This change will allow a subsequent patch to remove the hwmod data
link arrays. This will reduce the size of the hwmod static data and
also make it easier to generate the data files. It will also make it
possible to share some of the struct omap_hwmod records across
multiple SoCs, since the link array pointers will be removed from the
struct omap_hwmod.
The downside is that boot time will increase. Minimizing boot time
was the reason why the link arrays were originally introduced.

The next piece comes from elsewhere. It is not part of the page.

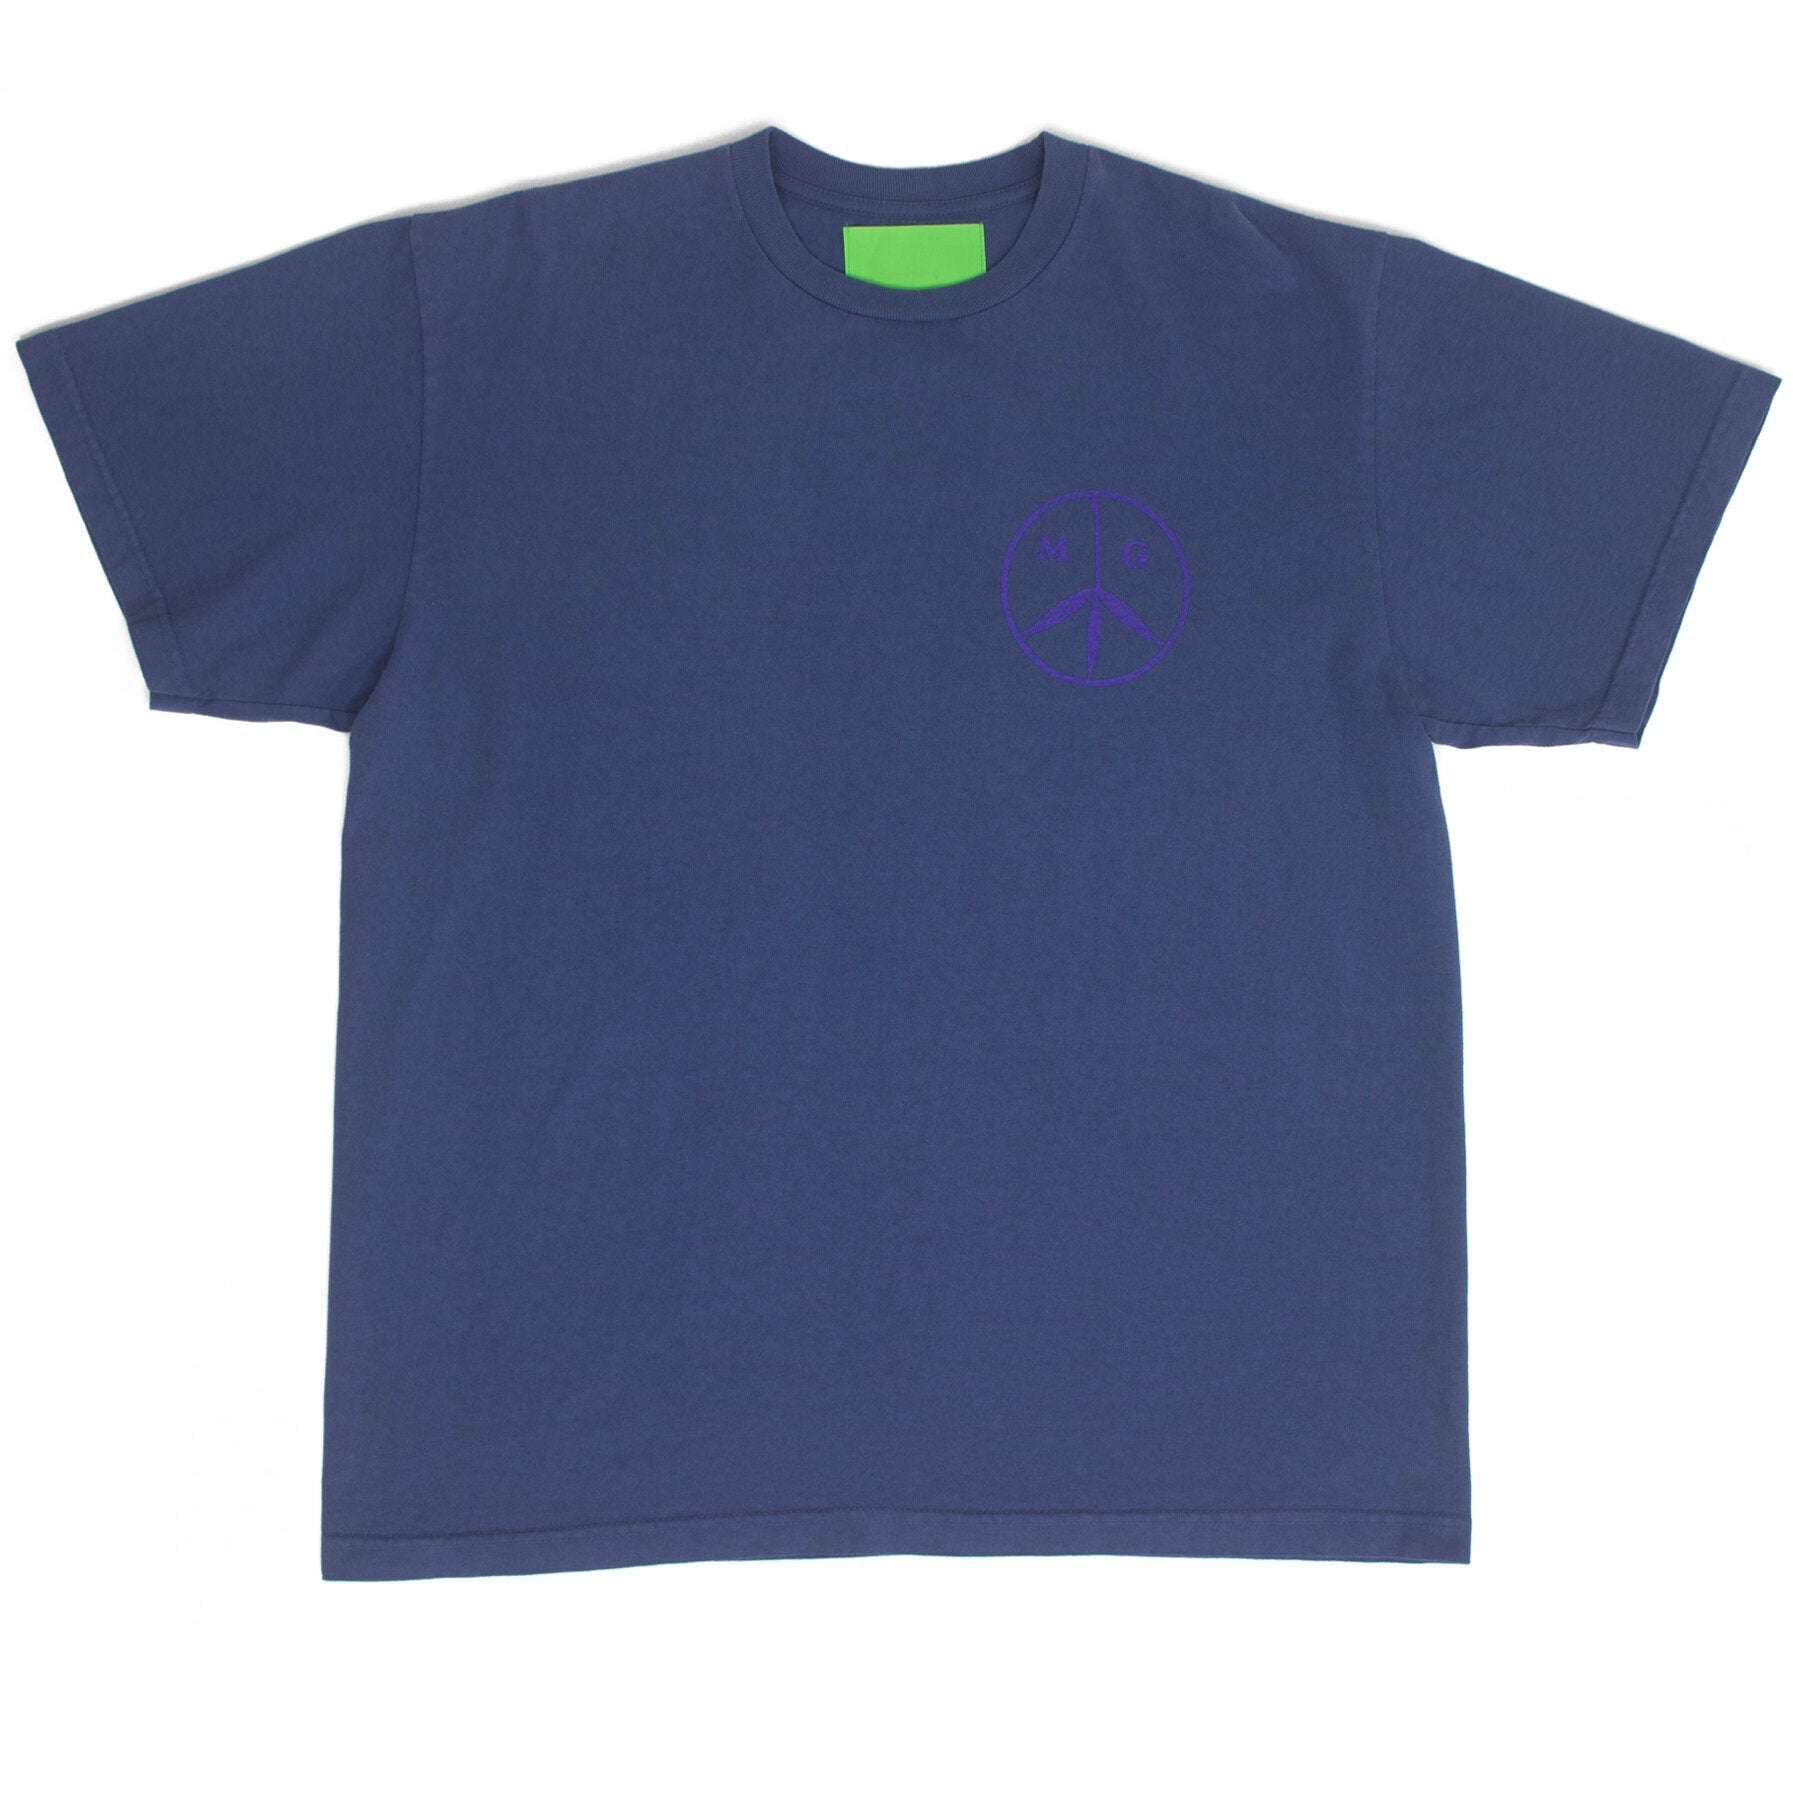 Aquarian Airlines Tee - Warm Blue-Mister Green-Mister Green

Removing them will require extra computation during boot to allocate
memory and associate IP blocks with their interconnects. However,
since the current kernel development focus is on reducing the number
of lines in arch/arm/mach-omap2/, boot time impact is now seemingly
considered a lower priority.
This patch contains additional complexity to reduce the number of
memory allocations required for this change. This reduces the boot
time impact: total hwmod link registration time was ~ 2655
microseconds with a simple allocation strategy, but is now ~ 549
microseconds[1] with the approach taken by this patch.
1. Measured on a BeagleBoard 35xx @ 500MHz MPU/333 MHz CORE, average
of 7 samples. Total uncertainty is +/- 61 microseconds.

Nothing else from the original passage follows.